現代語私訳『福翁百話』 第三十九章 「人生における遺伝の影響を観察すべきです」

現代語私訳『福翁百話』 第三十九章 「人生における遺伝の影響を観察すべきです」



子どもに対して教育をするには、まず第一に、子どもの体質や健康状態を観察して、はたして学業を十分に行うことができるか見定めた後に、はじめて学問を始めさせるべきです。


この子はどうもひ弱でとても体を動かすことは向いていないので静かに読書でもさせておこう、などという考えは大きな誤りです。


弱い子であればこそ、体を動かすことに慣れさせて、その体力や身体をしっかりつくりあげることこそ正しい順序でしょう。


体力や身体に無頓着で、学問にその心を疲労させるのは、子どもを殺してしまうことと同じです。
恐ろしいことです。


また、人には遺伝という性質もあり、無理に学問を強制しても、上達しない人も多いものです。


相撲の力士を見ても、番付の幕の内に入り、あるいは大関や小結になるには、その人の持って生まれた天性の才能、つまり祖先から受け継いだ遺伝に大きな要素が存在しており、ただ稽古だけの成果というわけではありません。


痩せこけた小男が、どれほど努力したとしても、幕の内まで出世することは難しいことは、誰もが間違いなく思うことです。


ですので、人間の精神の能力は、体力や身体のように目には見えないとしても、その持って生まれた天性の才能に違いがあるのは相撲の力士の強さに違いがあるようなものです。


議論の余地のない事実ですので、学問において理解の鈍い子どもだと観察した上は、ただ一通りのことを教えて、あんまり多くを求めすぎないことです。
なんであろうと、本人が好むことを自由にさせて、だんだんとその方向を定めていくべきです。


体格のか細い男性に相撲の稽古をさせてもそもそも無益なだけです。
人間は必ずしも学者となるべきだという約束があるわけではありません。
学問もまた一種の道ですので、読書や推理の才能に乏しく、学問の道の奥義に達しないからといって、それほ憂いる必要はありません。

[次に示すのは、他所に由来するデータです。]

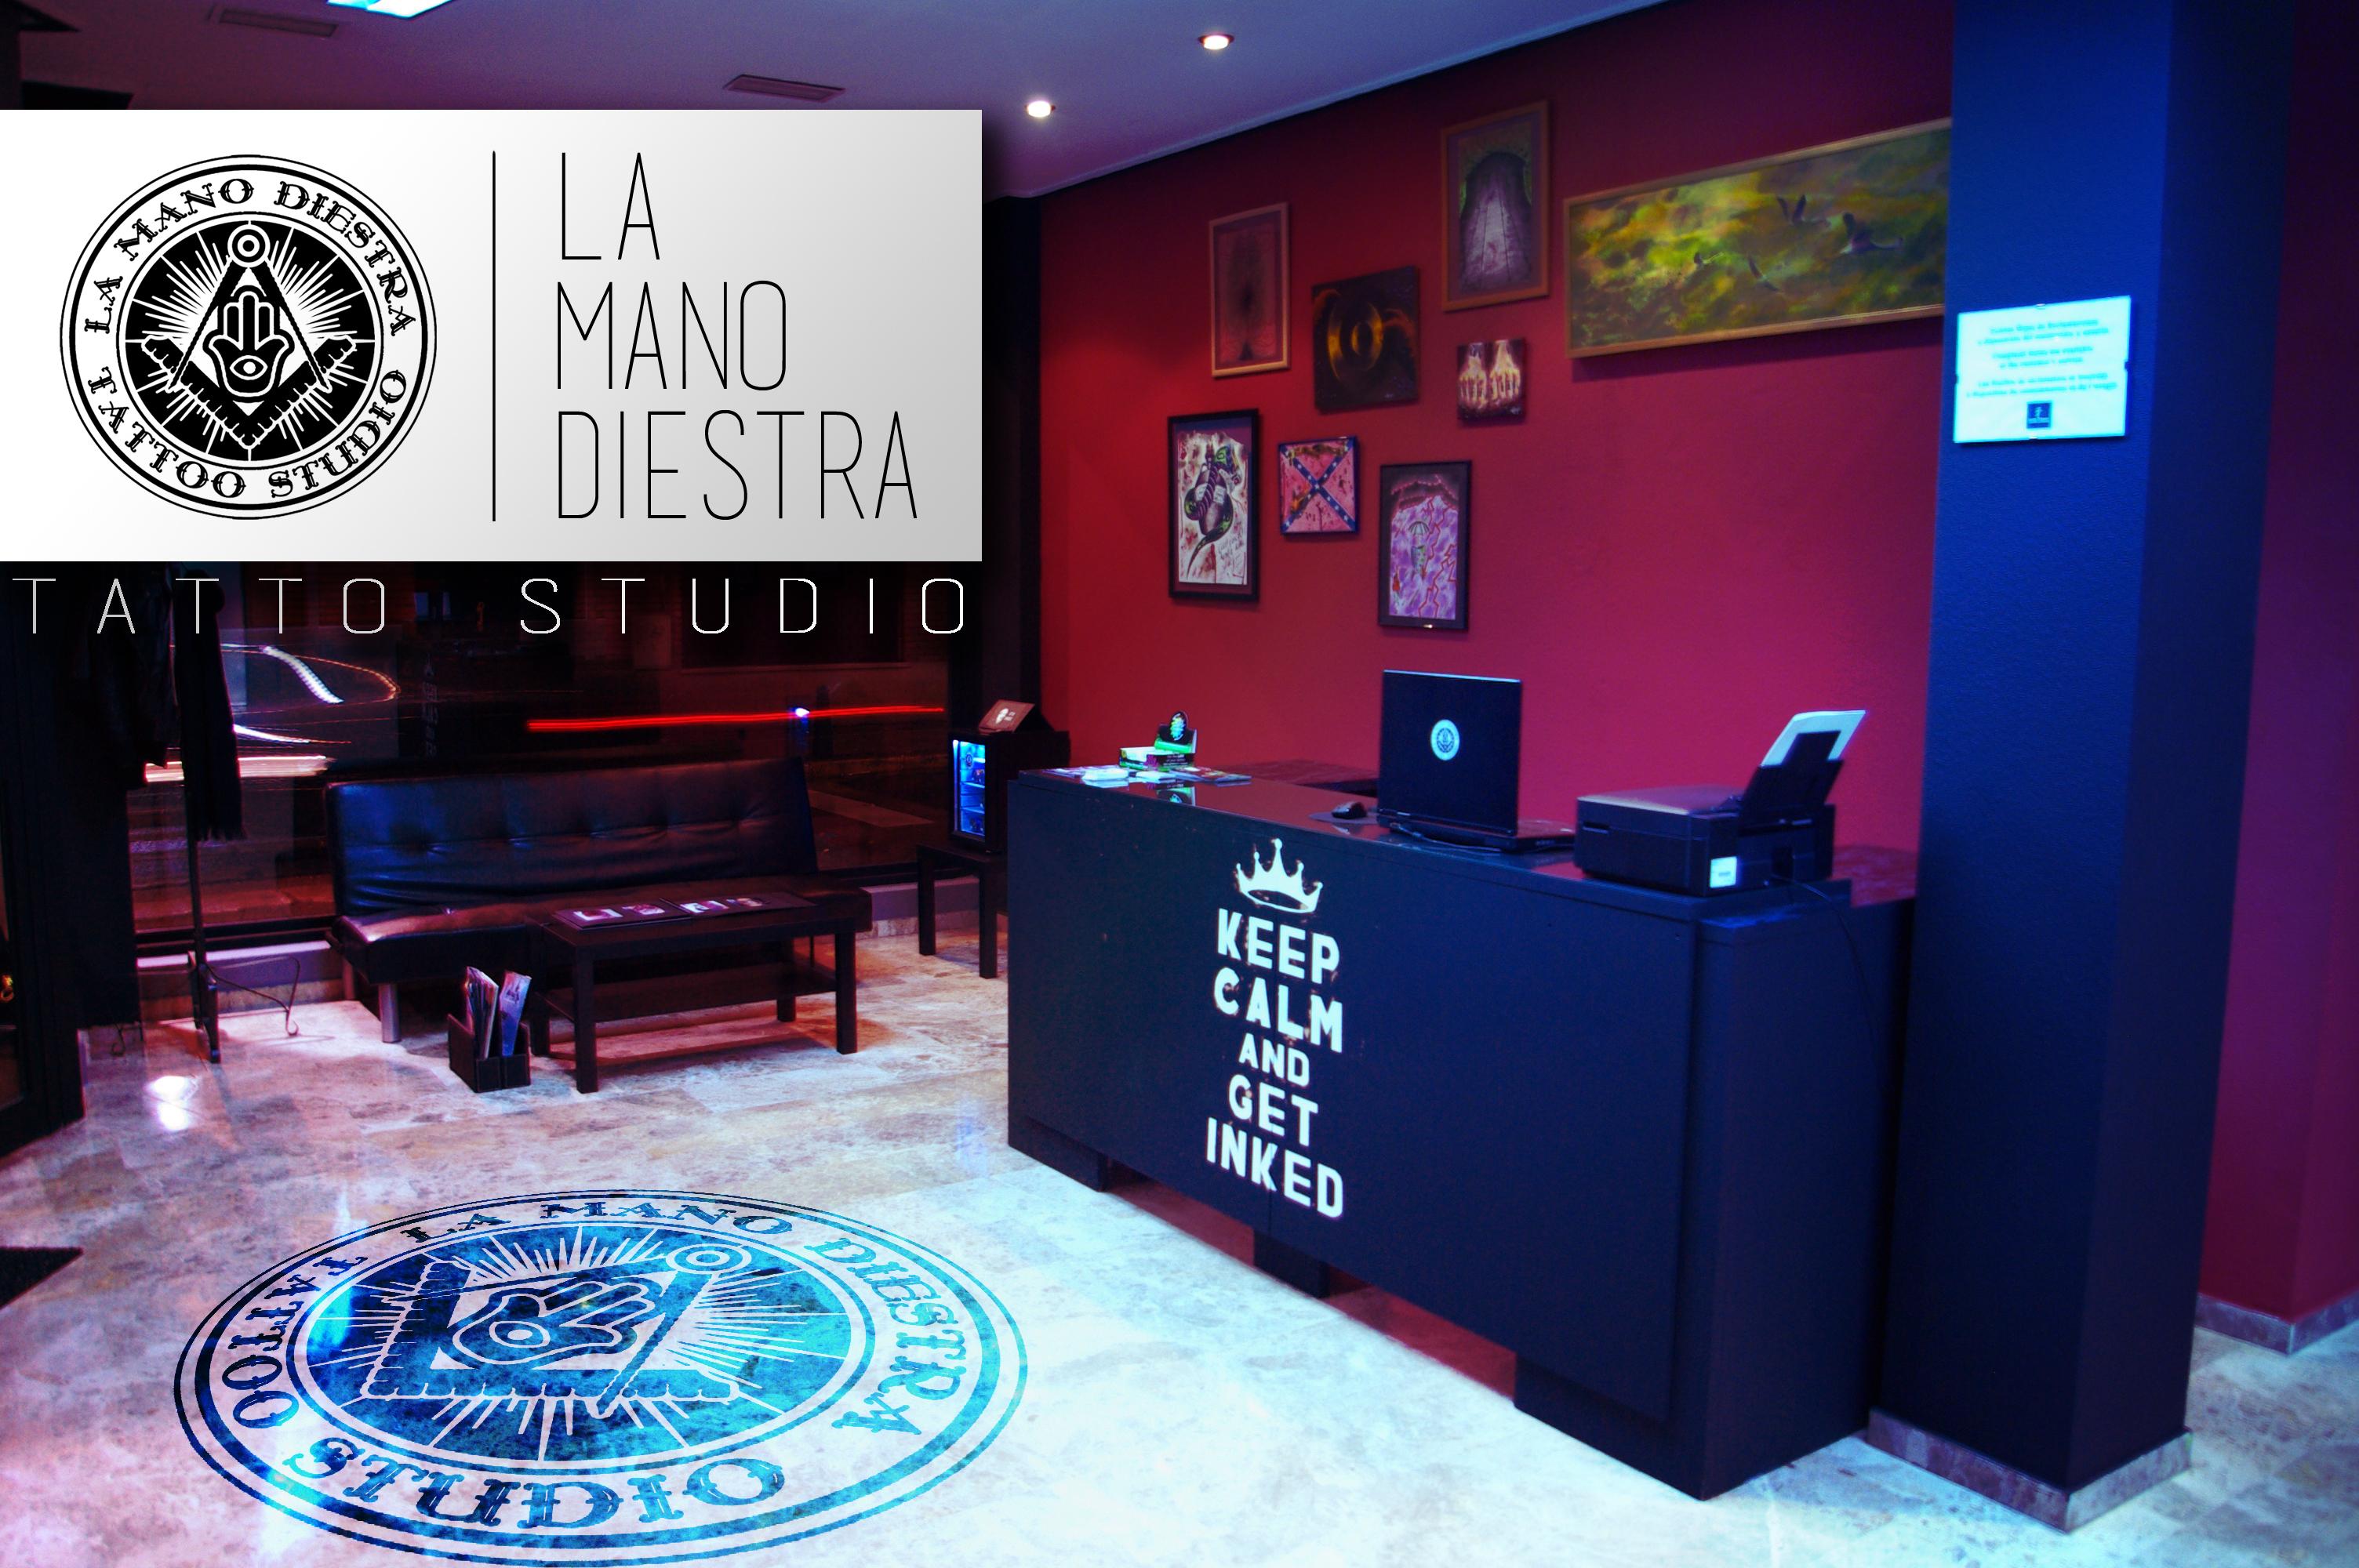 La mano diestra tattoo studio estudio de tatuajes en for Los mejores disenos de interiores

ただ、一通りの勉強や科学を聞いて見て学習して、いわゆる常識(コモンセンス)を備えて、日常生活の心がけが迂闊になっていないならば、世の中を渡ることは簡単なことです。


一字も文字をしらない人でも、立派に成功している人さえいないわけではありません。


いずれにせよ、学問への理解の才能が鋭い人と鈍い人とは、持って生まれた天性の才能にあることなので、子どもの性質を観察もせずに学問を強制することは父親や母親の心得違いと言うべきです。


世の中において教育家と自称している人々は、ややもすると、自分の信じていることに偏って教育を重視することが度を超えていて、ひたすら勉強勉強と唱えて、勉強さえすれば愚かな人も智恵ある人になるように囃し立てる人が多いものです。
しかし、実際に本当に現実を言えば、教育の効果や力はただ持って生まれた天性の才能の開花を助けて良い方向に導き、その到達できるところまで到達させるということにあるだけです。


このことは、たとえていうならば、植木屋が庭の樹木の手入れをして、その枝ぶりを良くし、その花を美しく咲かせたいと思うことと同じです。


どのように巧みな植木屋でも、松を梅に変えることはできないことはもちろん、同じ種類の樹木であっても、もともと存在していない枝をつくったり花をつけることはできないことです。


しかし、その樹木を生えるままに捨て置く時は、庭木も荒れて野生同様になってしまい、ついには伐採して薪にするしかないものになってしまいます。
ですが、さまざまに草木を養い育て、外部からやってくる害虫や病気を防ぎ、その樹木の持って生まれたものに応じて、それぞれの品格を養い維持させるのは、植木屋の腕の見せ所です。


ですので、教育家がいかに注意してその注意が行き届いていても、生まれつき愚かな人を智恵ある者に変化させることはもちろんのこと、どのように勉強を勧めても、持って生まれた天性の才能がないのに学問の道を得させようとすることは、到底望むべきでない願望です。
ですので、その人それぞれの遺伝や持って生まれた才能がどのようなものかを観察して、その人が到達できるところまで到達させ、あとは、ただその人を荒れさせて薪のような人間にならないようにすることだけに注意すべきです。